Robert Bruce

Personal information
- Born: 3 November 1943 Musselburgh, Scotland, UK
- Died: 2 March 2009 (aged 65) Auckland, New Zealand

Professional wrestling career
- Ring name: Robert Bruce
- Billed height: 6 ft 3 in (191 cm)
- Billed weight: 276 lb (125 kg)
- Debut: 17 March 1967

= Robert Bruce (wrestler) =

Scottish-born wrestler (1943–2009)

Robert Bruce (3 November 1943 – 2 March 2009), born John Charles Young, was a Scottish-born professional wrestler and talent agent in Auckland, New Zealand.

==Biography==
Bruce was born in Musselburgh, near Edinburgh in Scotland. He was born John Charles Young, but adopted the stage name of Robert the Bruce, later shortened to Robert Bruce, and kept the name when he quit wrestling. In the ring he played the quintessential villain who prefaced every low blow with an evil smirk, once saying "Honestly, it's better being a bad guy. I suppose it's the underlying evil you may have. You get a lot more fun."

He began wrestling in London in 1967, and toured the United Kingdom, South Africa, Japan, Australia, New Zealand and Fiji, eventually settling in New Zealand in the 1970s after wrestling John da Silva there for the Commonwealth championship in 1972. He held the Commonwealth Heavyweight Title on and off over a five-year period, and wrestled for the World Title. In 1972, he had a small role as one of the bouncers in the Korova Milk Bar in the film A Clockwork Orange.
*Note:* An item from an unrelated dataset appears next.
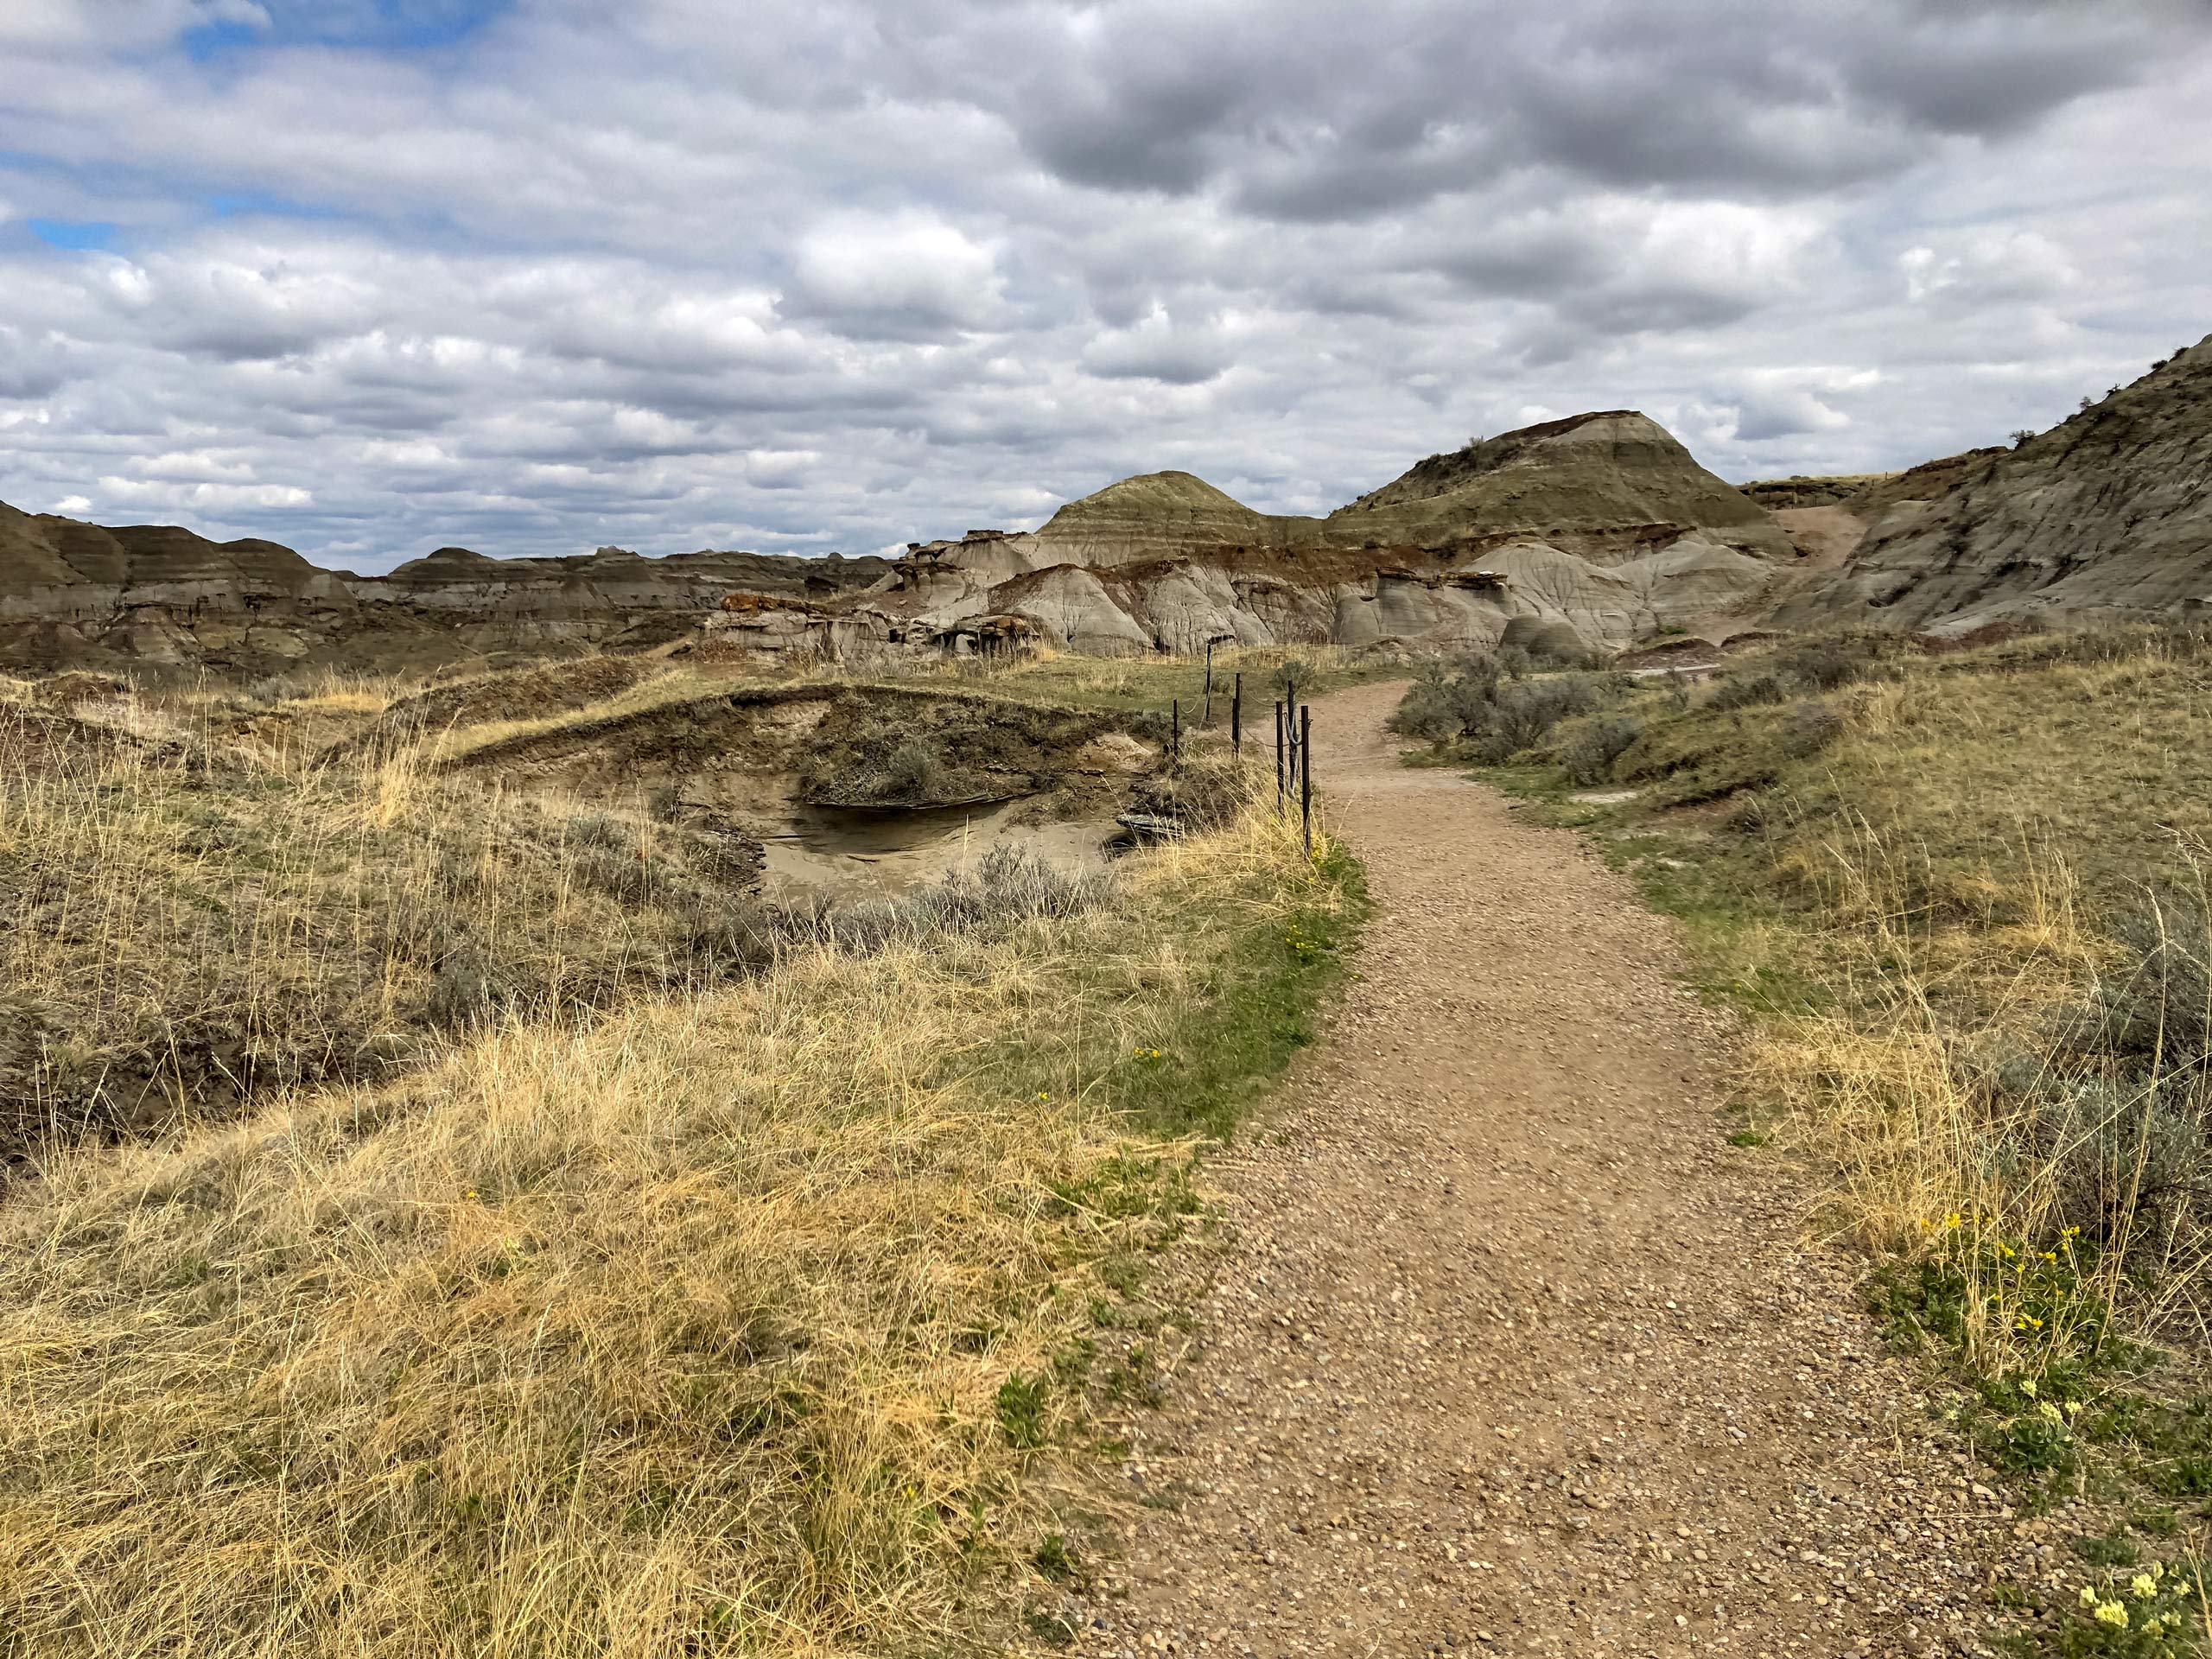 Badlands Trail climbing into the hills of Dinosaur Provincial Park

Bruce retired from wrestling due to injuries to his back and elbows, and decided to form a talent agency in 1978 when he realised that there was no such company in New Zealand. The Robert Bruce Agency was nicknamed the "Ugly Bruce" agency, as Bruce claimed his first clients were his former wrestling friends seeking roles as ugly people, thugs or stuntmen. His later clients included well-known New Zealand actors such as Cliff Curtis, the late Kevin Smith, Robbie Magasiva, Frankie Stevens, Jackie Clarke and Temuera Morrison. He operated out of a villa in suburban Grey Lynn, and his word was his bond. The villa was distinguished by the word "Tobermory", in memory of the lighthouse on the Isle of Mull where his maternal grandfather was a lighthouse keeper, and where his ashes are to be spread.
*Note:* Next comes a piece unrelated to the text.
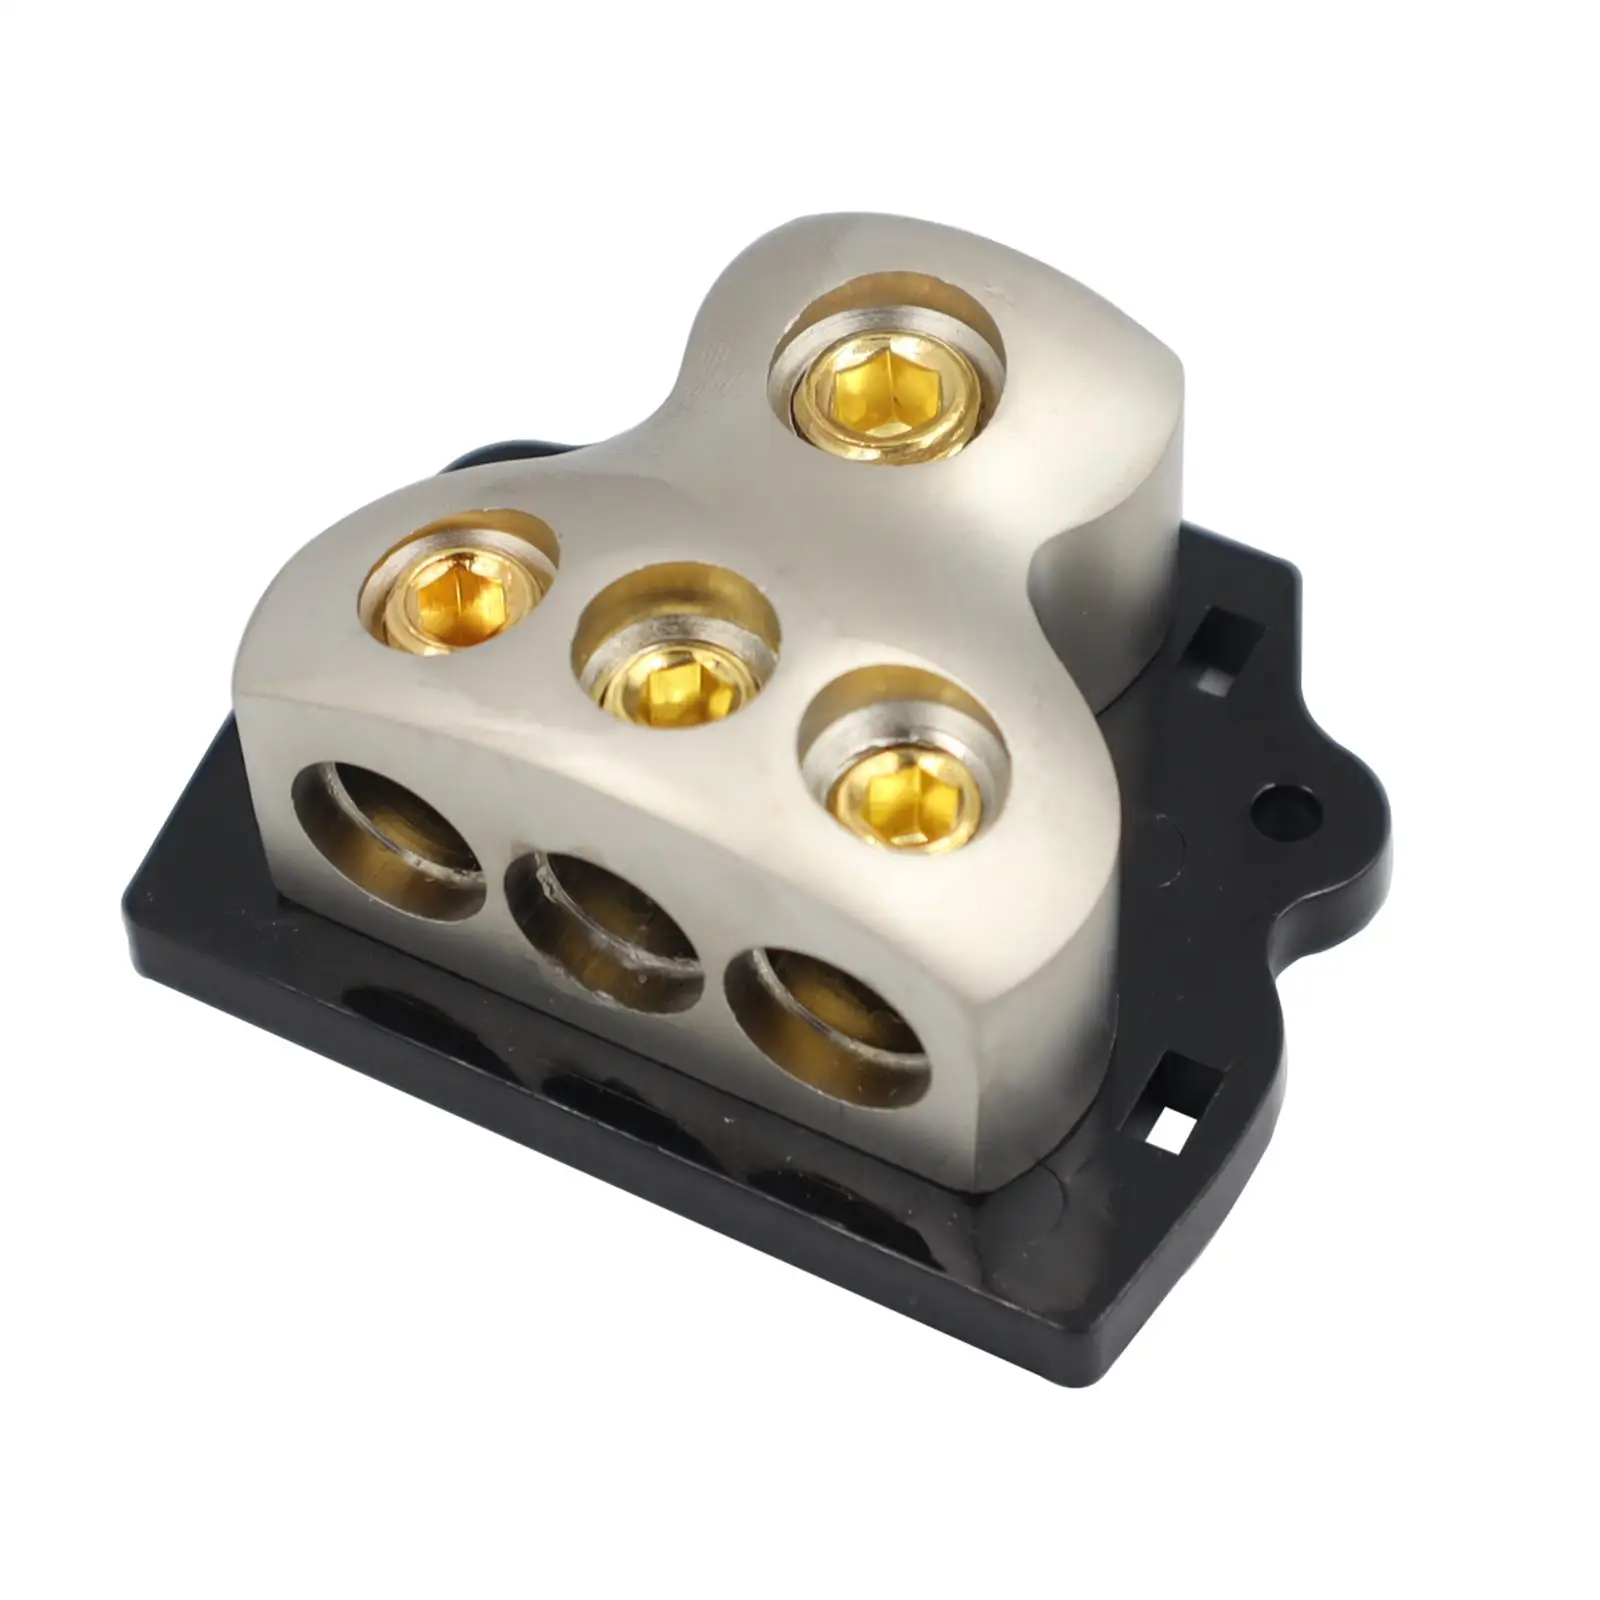 3 Way Amp Power Ground Distributor Connecting Block 1x 0 Gauge in 3x 4 Gauge Out Fit for Car Audio Amplifier Connection Replace

In addition to representing several of New Zealand's top actors, Bruce worked as a stuntman and fight co-ordinator on several New Zealand films, television shows and theatrical plays, working on 73 TV series, 39 films and 21 live shows, and as an actor played the role of a former international rugby player in the 1991 film Old Scores. He was an animal lover, and was a vice-patron of the Royal New Zealand Society for the Prevention of Cruelty to Animals.

Bruce died suddenly and unexpectedly after a short illness on 2 March 2009; his age at the time of his death was reported as unknown by some sources, although other sources say he was 65.